Freddie Mac has announced the immediate implementation of its Streamlined Modification program, a no-document modification program offered to severely delinquent borrowers. The implementation of the program, originally set to begin July 1, came six weeks earlier than expected in an effort to expedite financial relief for potentially thousands of distressed families.
Under the program, servicers are required to evaluate and send to eligible borrowers a Streamlined Modification letter and Trial Period Plan Notice. To be eligible, a borrower must be at least 90 days, but no more than 720 days, delinquent on mortgages that are at least 12 months old and meet certain other criteria. Borrowers who receive solicitation letters can simply elect to submit the modified payment to begin the trial period without submitting a response package. Borrowers who successfully complete the trial period may enter into a permanent modification.
The Streamlined Modification enables servicers to modify a borrower’s mortgage by adjusting interest rates, extending payment terms to 40 years, and providing principal forbearance for certain underwater borrowers.
In a press release Freddie Mac announced the date change was made because it is “focused on adding momentum to the housing recovery by giving distressed borrowers more options to avoid foreclosure.”

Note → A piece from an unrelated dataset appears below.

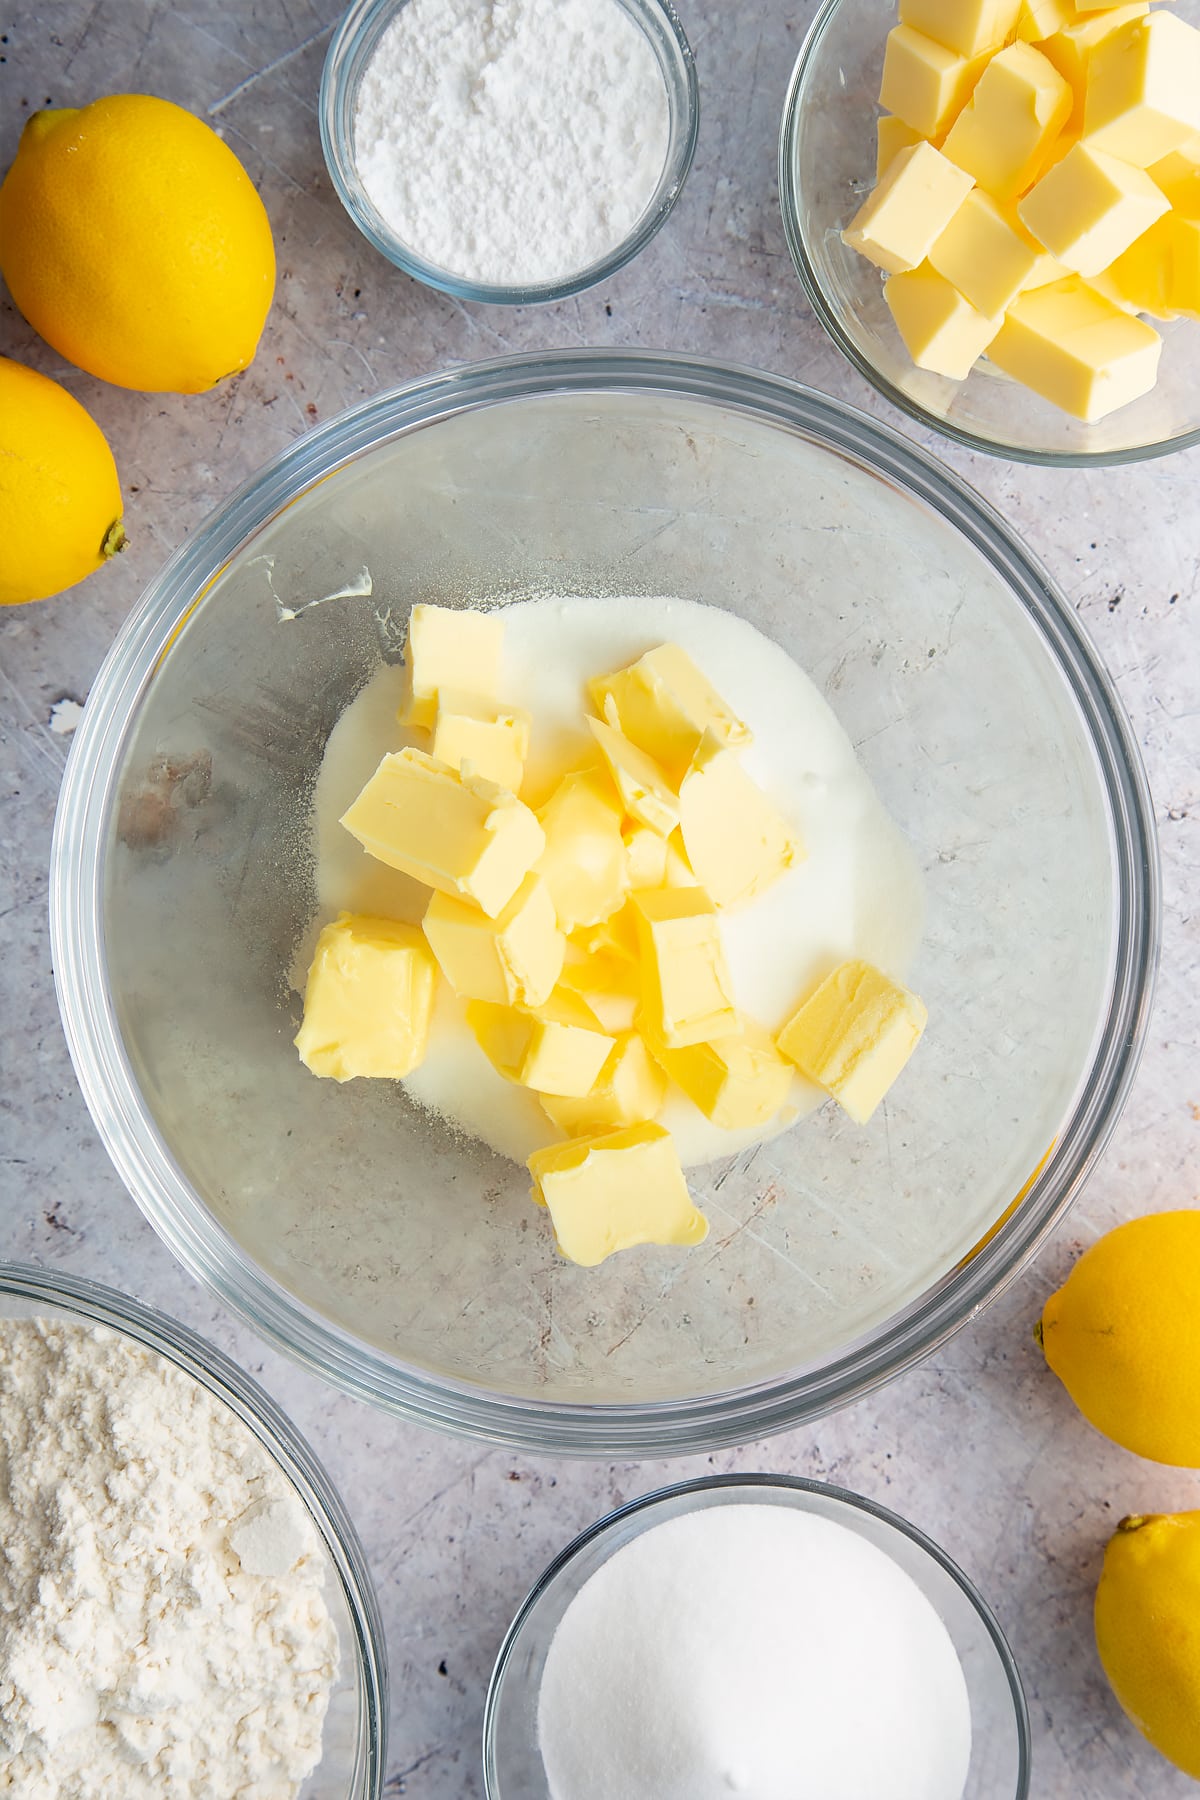 Butter and sugar in a glass bowl. Ingredients to make lemon drizzle cake surround the bowl.

Both Freddie Mac and Fannie Mae are aligned on streamlined modification under the Servicing Alignment Initiative.
Mitigating Alleged Damages Resulting from Default
Following the housing boom, the mortgage industry has seen a flurry of repurchase demands and indemnification requests lodged against loan originators by major national banking institutions, investors, and GSEs such as Fannie Mae and Freddie Mac.
More often than not, the parties making such demands inflate their alleged damages and fail to mitigate the damages they claim. In fact, servicing analysts have customarily included corporate and interest advances through foreclosure when computing damages, instead of alleging their actual damages were equal to the unpaid principal loan balance.

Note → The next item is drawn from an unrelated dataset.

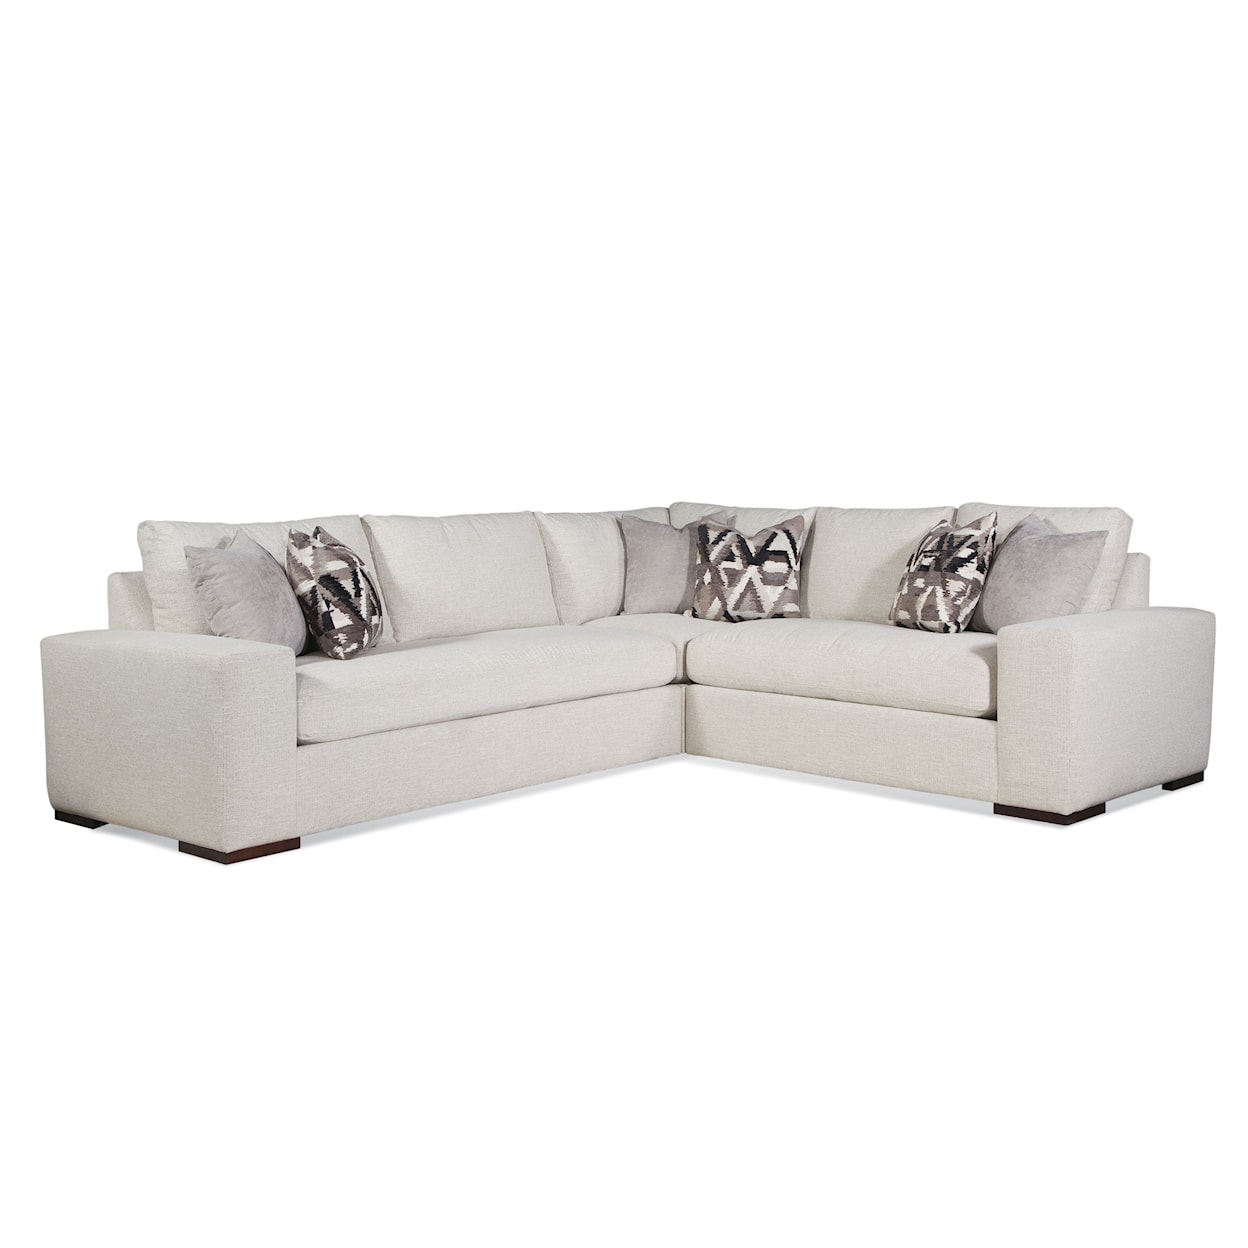 Braxton Culler Memphis Three Piece Bench Seat L Sectional

When litigating or settling repurchase demands, loan originators should consider whether servicers properly mitigated their alleged damages. Repurchase claims could be barred in whole or in part by servicer’s failure to maintain and sell the mortgaged property for its full value, timely notify originators of default or foreclosure, and properly service the defaulted loan.
As many borrowers started to lose their jobs and the housing market began to decline, more and more borrowers re-evaluated their options. During this time, it was not uncommon for servicers to receive hardship letters from borrowers pleading for re-consideration of their loan modification application, who were often told they do not qualify with little explanation. In many instances, programs such as Freddie Mac’s Streamlined Modification could have benefited both parties.
Despite the fact that loan modification programs existed in the years following the demise of the housing market, the most common outcomes were still foreclosures and short sales.
It should also be mentioned, however, that loan originators take the position that a loan modified by a servicer without the originator’s involvement is not the same loan that was sold and therefore is no longer subject to repurchase claims.
Nonetheless, the unwillingness of Fannie and Freddie to properly service defaulted loans and otherwise adopt programs like Streamlined Modification sooner has resulted in their failure to mitigate the damages they now allege.
Fannie and Freddie are a day late and hundreds of millions of dollars short.